Here are the constant-folding optimizations from the original optimizer core:

'Vx$y'~"#0x55555555" into (x | y)
'?x$y'~"#0x55555555" into (x ^ y)
'&x$y'~"#0x55555555" into (x & y)
(x ^ 0xFFFF) or (x ^ 0xFFFFFFFF) into ~x

AIS adds: When I got my C-INTERCAL distribution, it only had a
rudimentary optimiser. Constant folding had already been done, and the
following optimisations. The following is mixed INTERCAL and C,
sometimes in the same statement. It should be clear from context and
whether I have used INTERCAL spark-ears or C brackets which language
is which, although in some places I've mixed them. Note that the
optimizer is only run in binary.

ESR adds: After 0.24, Alex Smith, assisted by Joris Huizer, wrote a
program that interprets an Optimizer Idiom Language and uses it to
generate a library implementing those optimizations to be linked to
the compiler.  This subsumes all the stuff that used to be in the
optimizer code.

AIS adds: Optimizations available with -f (I wrote all these)

Guard removal (if a line can't be abstained, the if(!abstained[x]) line is
removed when possible)

Ignorance checks (if a variable can't be ignored and it can't overflow,
assignment is done with C's = rather than a function)

Recognition of NEXT...NEXT...computed RESUME as an idiom for if() (currently
disabled because the rest of the optimiser can't handle it)

Optimizations available with -F (I wrote this one)

This optimization should mean that INTERCAL suddenly becomes the best language
for various benchmark programs. Basically, the file is analysed to try to
determine whether it takes no input and always produces the same output. If
that is the case, the output is simply a shell-script (with executable
permissions set and a #! line) that outputs the correct output! Therefore, the
time required for one run of the program is taken up during compilation, and
whenever the program is executed, it just copies out the predetermined
output.

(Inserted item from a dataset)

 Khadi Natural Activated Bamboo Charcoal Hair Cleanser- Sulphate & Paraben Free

This means (for instance) that primes.i runs in only a fraction of a
second when optimized with -F. Of course, this tends to slow down the compiler
and often produces a large object file, which is why it has a command-line
option of its own.

== Credits ==

ESR wrote the first version of this compiler over a weekend using a pre-ANSI C
compiler.  It worked, but it wasn't pretty. 

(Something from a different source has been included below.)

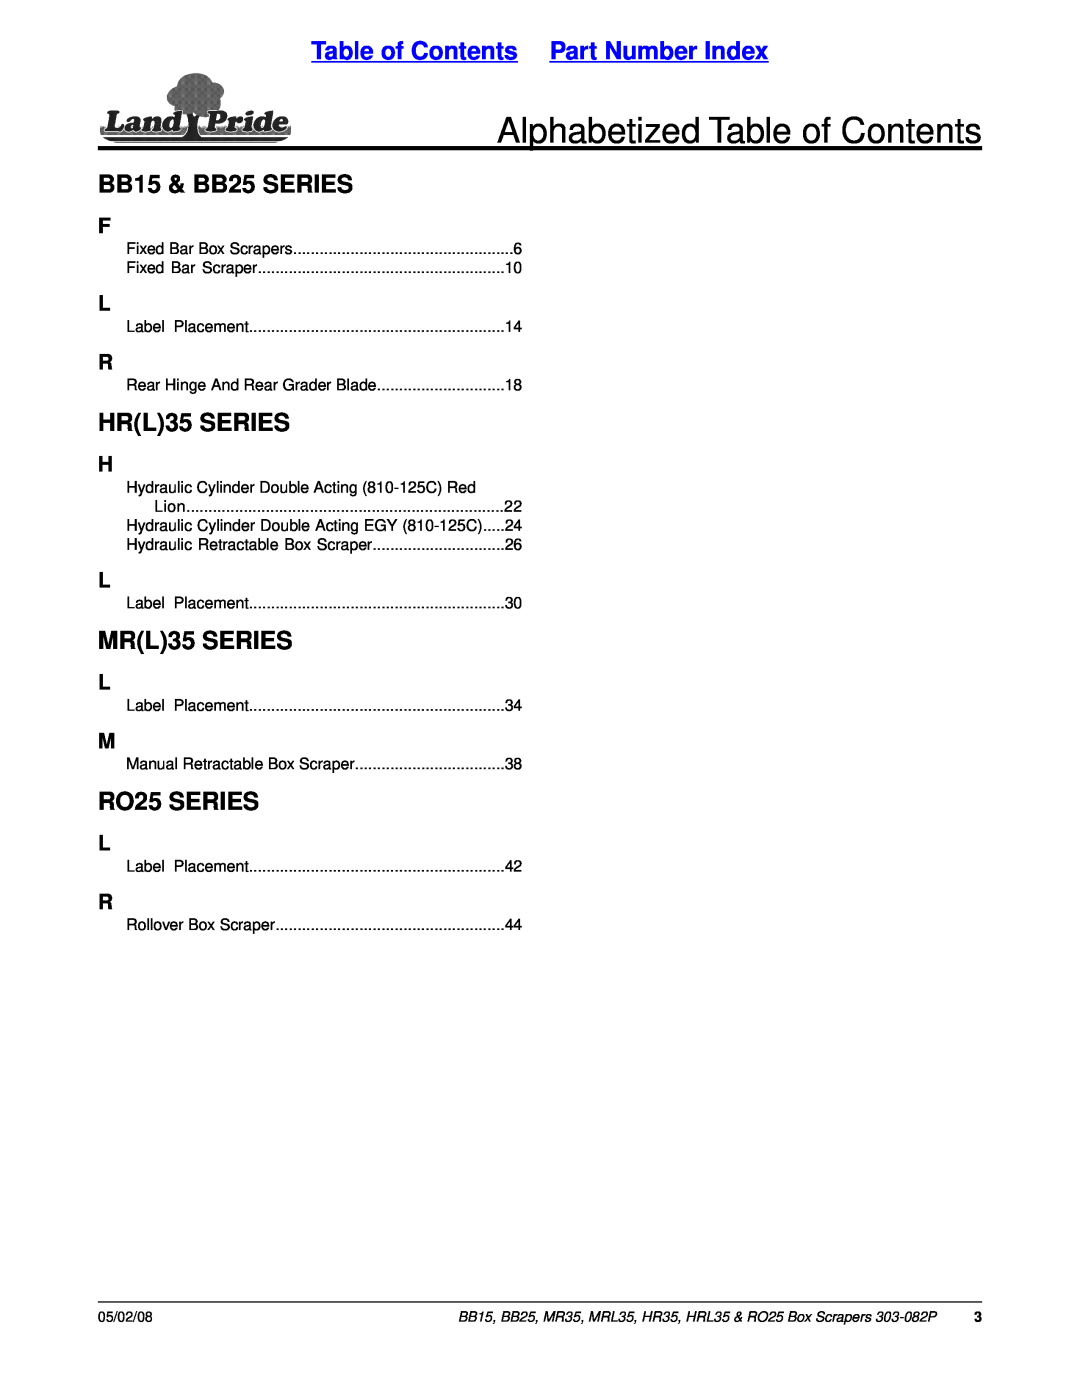 Land Pride HR35 Alphabetized Table of Contents, Table of Contents Part Number Index, BB15 & BB25 SERIES, HRL35 SERIES

Louis Howell added the array support later; he also torture-tested the
COME FROM implementation by actually using it for the life2.i program
included in this distribution, and fixed some bugs.

Brian Raiter did a much-needed delinting while porting it for ANSI C,
flex and Linux. He also improved the lexical analyzer's line tracking.

Alex Smith, assisted by Joris Huizer, did a lot of heavy-duty work
on optimization, including designing and implementing OIL, after 0.24.